1. on startup, load all items into memory from the files.

2. whenever an item is changed, save it to disk.

In modern times, you can store each item as a separate .json file, for example.

With this technique, there is no risk of data corruption. There is a risk of inconsistency; e.g. if I remember correctly, when you upvote an item, the vote is saved to disk, then the author's karma is incremented, and finally the author's profile is saved to disk. If the webserver dies between saving the vote and saving the karma count, the karma will no longer be the proper value. Stuff like that.
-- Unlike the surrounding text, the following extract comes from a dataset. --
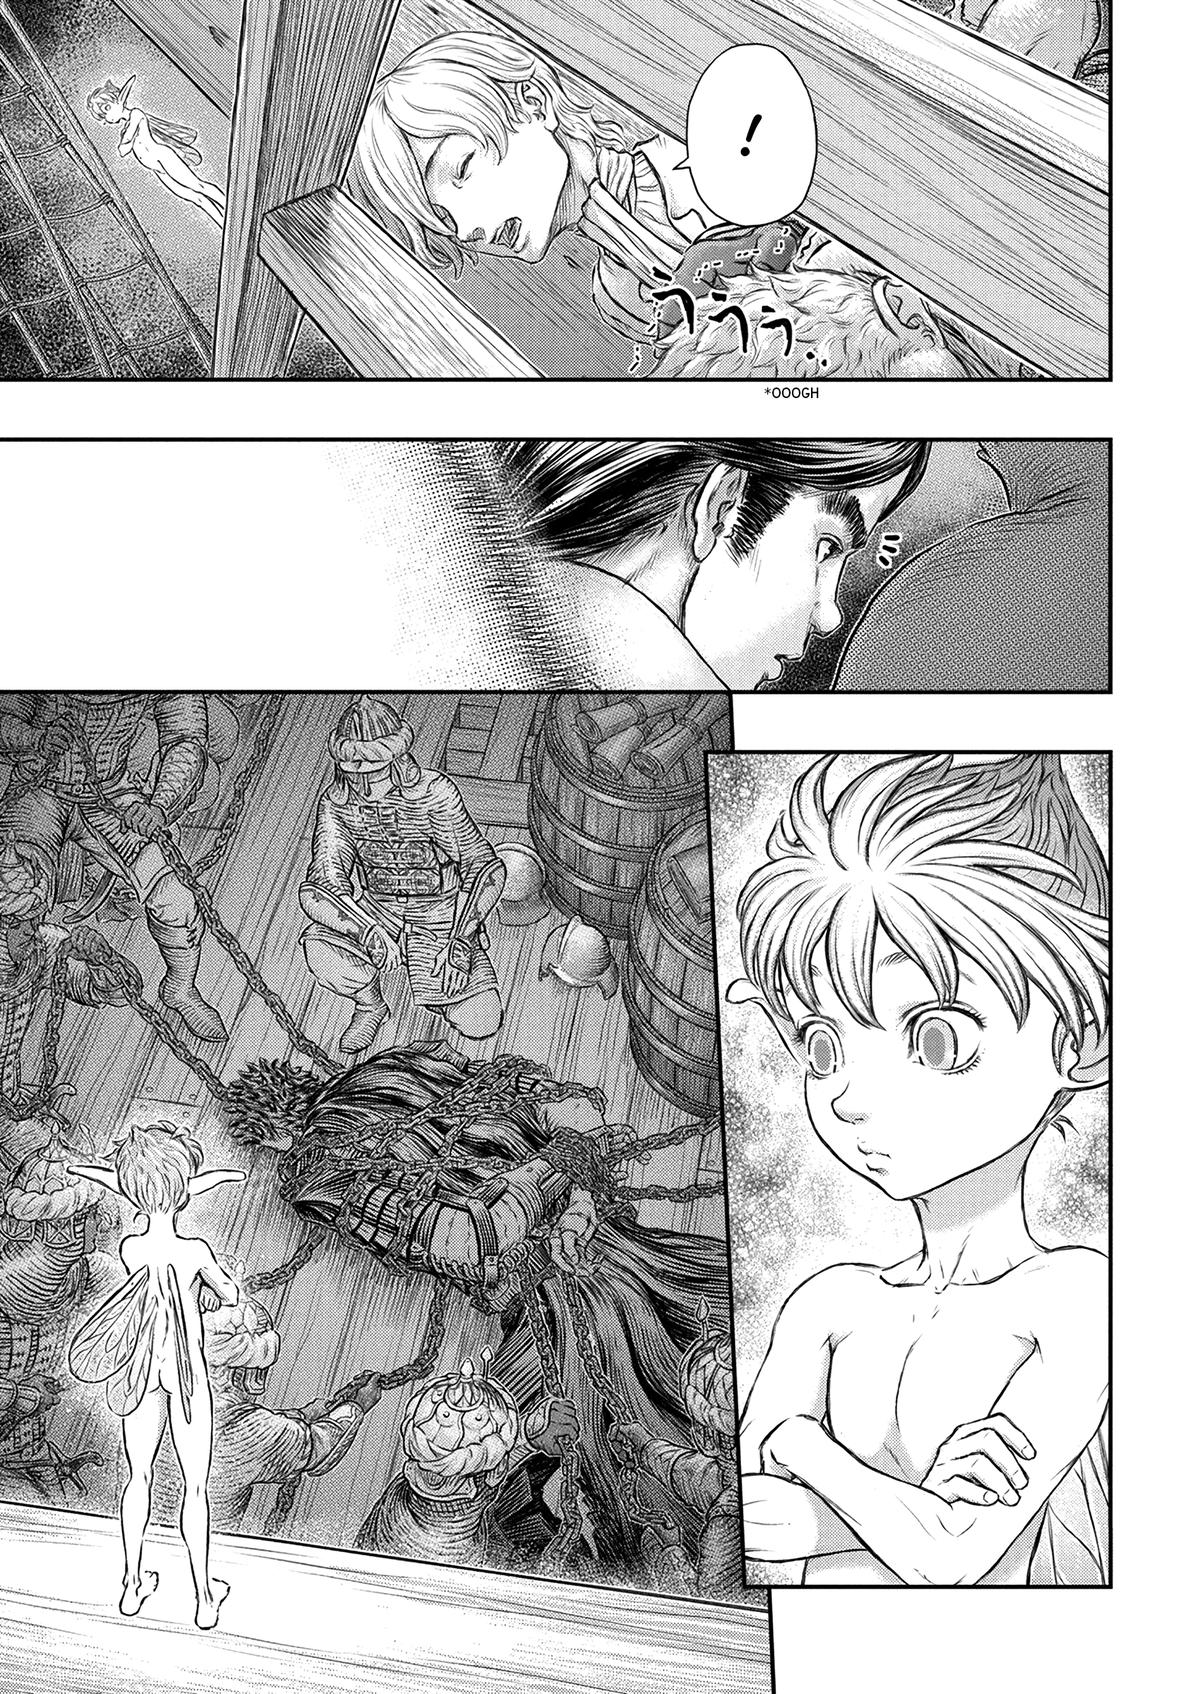 Berserk Manga Chapter 375 image 15

Such things tend not to matter if you design it carefully, though.

EDIT: I was curious what the order of operations was, so I pulled up HN's old source code:

        (unless (or (author user i)
                    (and (is ip i!ip) (~editor user))
                    (is i!type 'pollopt))
          (++ (karma i!by) (case dir up 1 down -1))
          (save-prof i!by))
        (wipe (comment-cache* i!id)))
      (push vote i!votes)
      (save-item i)
      (push (list (seconds) i!id i!by (sitename i!url) dir)
            (uvar user votes))
      (= ((votes* user) i!id) vote)
      (save-votes user)
      (zap [firstn votewindow* _] (uvar user votes))
      (save-prof user)
      (push (cons i!id vote) recent-votes*))))

The user's karma is incremented / decremented, then the user's profile is saved; the vote is added to an item's votes, then the item is saved; the vote is stored in the global votes table, then the votes table is saved; the vote is added to the user's "votes" list, then the user's profile is saved.

spenczar5 · on July 15, 2020

Do all servers share a file system, or is there some sort of copying done in the background?

ubercow13 · on July 15, 2020

As far as I remember HN runs on a single core of a single server. I wonder whether this has changed more recently, though.

tinus_hn · on July 16, 2020

So you’re using the filesystem as a poor database. Is this even faster than using a real database?

tlb · on July 15, 2020

Each file held an item (a product or section page), and it was stored as an s-expression.

Storing Lisp data as s-expressions is even more natural than storing Javascript data as JSON, which takes some effort if you want it to handle objects correctly.

PaulDavisThe1st · on July 15, 2020

> It is a common mistake to think of Web-based apps as interfaces to databases. Desktop apps aren't just interfaces to databases; why should Web-based apps be any different? The hard part is not where you store the data, but what the software does.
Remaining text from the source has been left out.